How to plot temporal frequency as a function of spatial frequency from a MATLAB FFT2 output of a time-space image?

Question

I'm a little bit of a FFT amateur (not trained in physics!) so I'm hoping someone around here has the expertise to give me a hint as to how I should go about doing this next step.

So I'm trying to generate the power spectra of time-space pattern via MATLAB from a visual stimulus as shown below. This is basically a plot of the movement trajectory of 10 dots (sine wave) within a time frame of 2 seconds with the distance labelled in degrees. (200x160 matrix - 10ms per frame on the y-axis and 0.1 degrees per frame on the x-axis).

I have done fft2, fftshift and a log transform on this stimulus and the resulting output is this.

First off, I am a little confused as to what this transformed image exactly represent? Is the centre displaying the high or low frequency data of the stimulus? And what do the x and y-axis now represents in this transformed plot?

I am actually hoping to convert the transformed image such that the y axis reflects temporal frequency between -30 to 30Hz and the x axis, spatial frequency between -30deg/cycle to 30deg/cycle. Perhaps someone could give me an idea of how I should go about doing this? (ie. is there a MATLAB function that is able to handle this sort of conversion?)

A sample of the codes to reproduce the plots are:-

function STotal = playINTOdotty (varargin)

deg_speed = 15.35; %dva/s
nr_of_dots = 10;
motion_type = 'const';

%Number of iterations
runs = 1;

stim_x = 160; %1 frame = 0.1d
stim_t = 200; %1 frame = 10ms
sin_cycle_dur = 80; %80; 

max_speed = deg_speed/5.15; %This is very, very abstract.

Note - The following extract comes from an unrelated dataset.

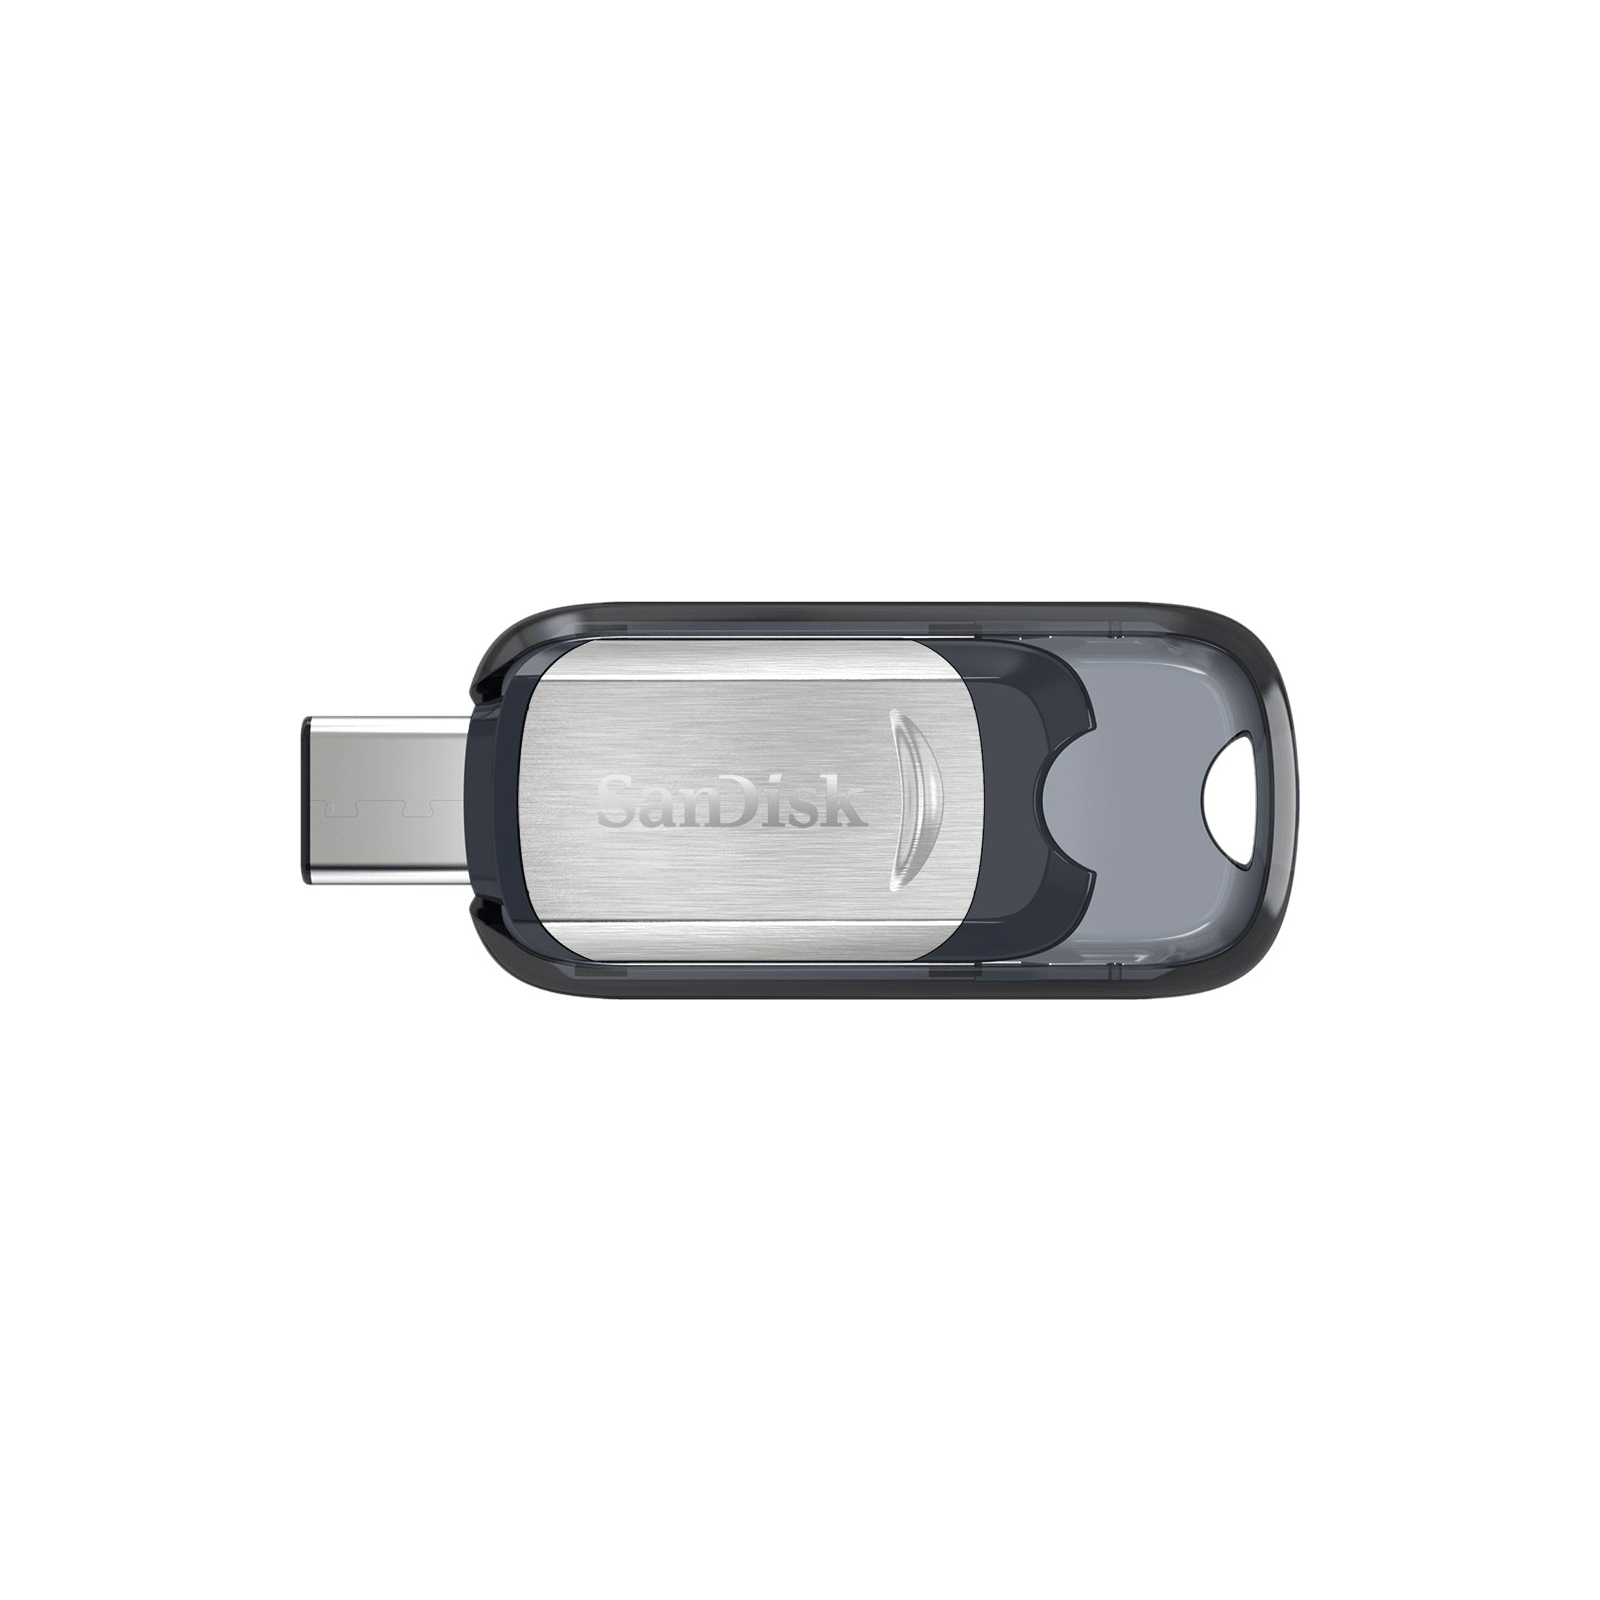 USB флеш накопитель SanDisk 32GB Ultra Type C USB 3.1 (SDCZ450-032G-G46) изображение 2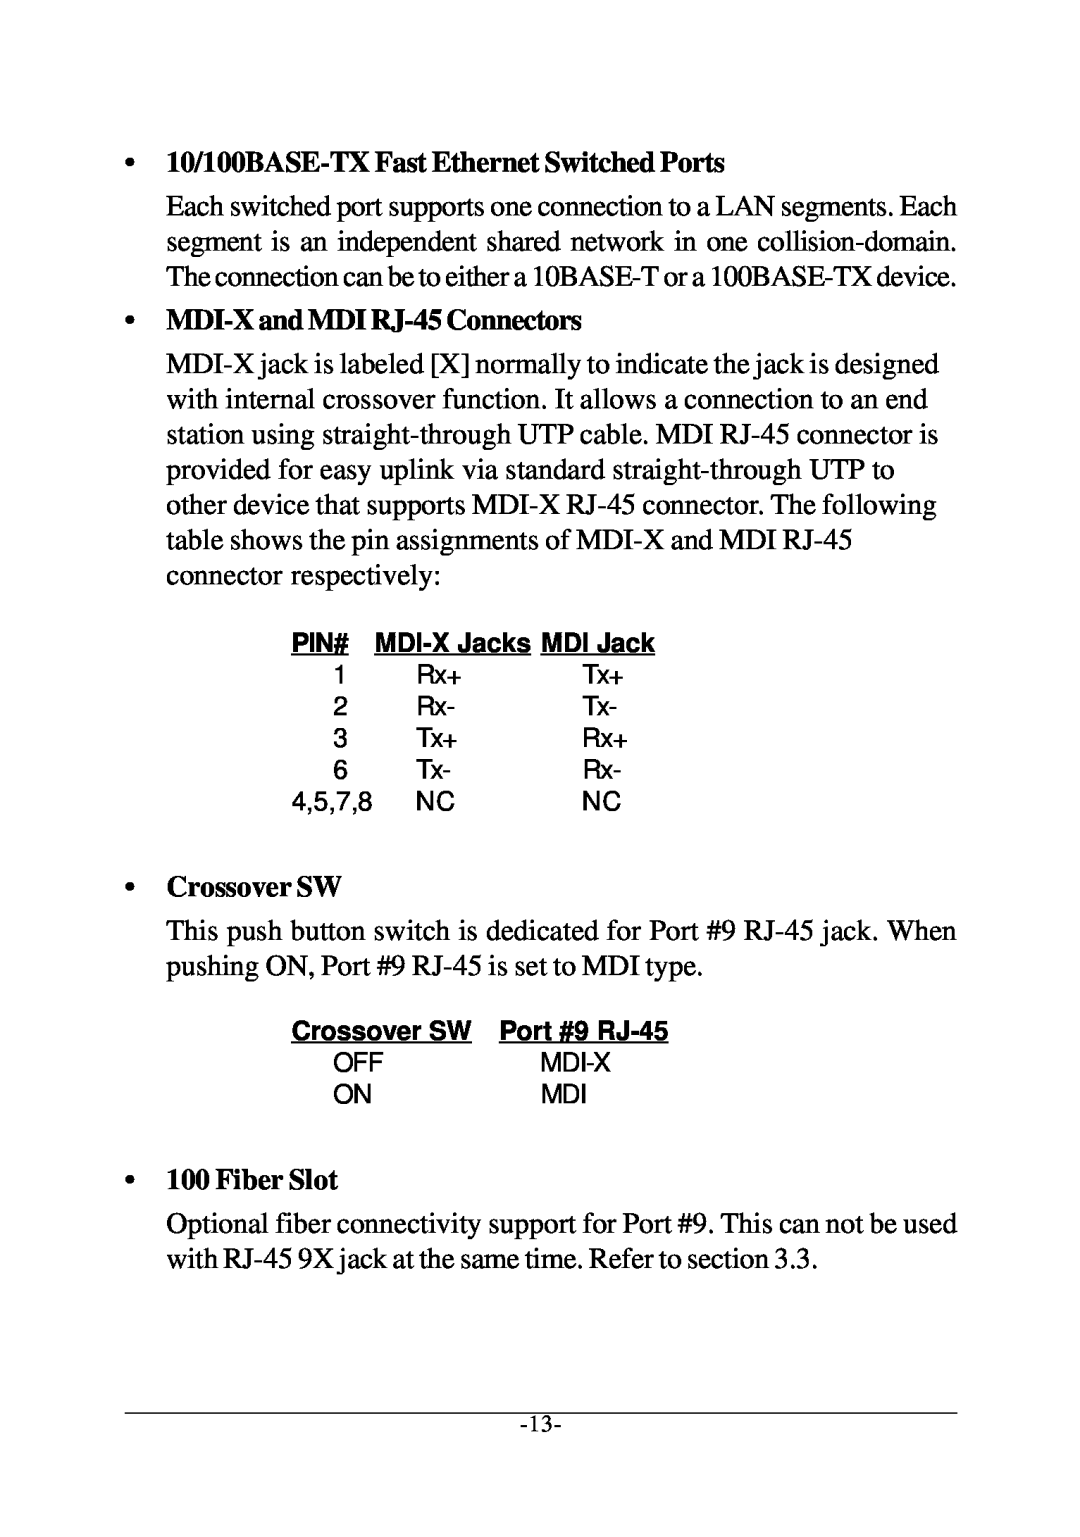 Xerox KS-801 operation manual Pin#, MDI-X Jacks MDI Jack, Crossover SW, Port #9 RJ-45

Basically plot out stim image and you'll see 5.15 is the best value.

sd = (sin_cycle_dur/2)/6;
mu = (sin_cycle_dur/2)/2;

sineTOTAL = 0;
counter = 1;

if nargin > 0
    nr_of_dots = varargin{1};
end
if nargin > 1
    deg_speed = varargin{2};
end
if nargin > 2
    motion_type = varargin{3};
end

thisFTTOTAL = zeros(stim_t,stim_x);
stimTOTAL = zeros(stim_t,stim_x);

% initialize stim
stim = zeros(stim_t, stim_x) + .5;

%% define random dots for simulation/generation of position (before scaling to mean speed)

start_dot_pos = round(rand(1,nr_of_dots) .* stim_x);
dot_pos = zeros(stim_t, nr_of_dots);
dot_pos(1,:) = start_dot_pos;
%dot_pos(1,:) = 0;

dot_pos_sim = zeros(stim_t, nr_of_dots);
dot_pos_sim(1,:) = start_dot_pos;
%dot_pos_sim(1,:) = 0;

%% define random dots for neutral condition. dot_pos1 is for Sine and dot_pos2 for Constant 

start_dot_pos1 = round(rand(1,nr_of_dots/2) .* stim_x);
dot_pos1 = zeros(stim_t, nr_of_dots/2);
dot_pos1(1,:) = start_dot_pos1;

dot_pos_sim1 = zeros(stim_t, nr_of_dots/2);
dot_pos_sim1(1,:) = start_dot_pos1;

start_dot_pos2 = round(rand(1,nr_of_dots/2) .* stim_x);
dot_pos2 = zeros(stim_t, nr_of_dots/2);
dot_pos2(1,:) = start_dot_pos2;

dot_pos_sim2 = zeros(stim_t, nr_of_dots/2);
dot_pos_sim2(1,:) = start_dot_pos2;

%% Mean of Constant speed

CTotal = max_speed*sin_cycle_dur;
Cmean = max_speed/2;

for q = 1:runs
    %% Calculate position list to allow calculation of Gmean and Smean for scaling
    for t = 2:stim_t
        switch motion_type
            case 'sine'
                sine_speed = max_speed .* sin((t-1) / sin_cycle_dur *2*pi); %Sine formula
                sineTOTAL = sineTOTAL + abs(sine_speed); %Add all sine generated values from Sine formula to get an overall total for mean calculation
                dot_pos_sim(t,:) = dot_pos_sim(t-1,:) + max_speed .* sin((t-1) / sin_cycle_dur *2*pi); %Sine simulated matrix (before scaling)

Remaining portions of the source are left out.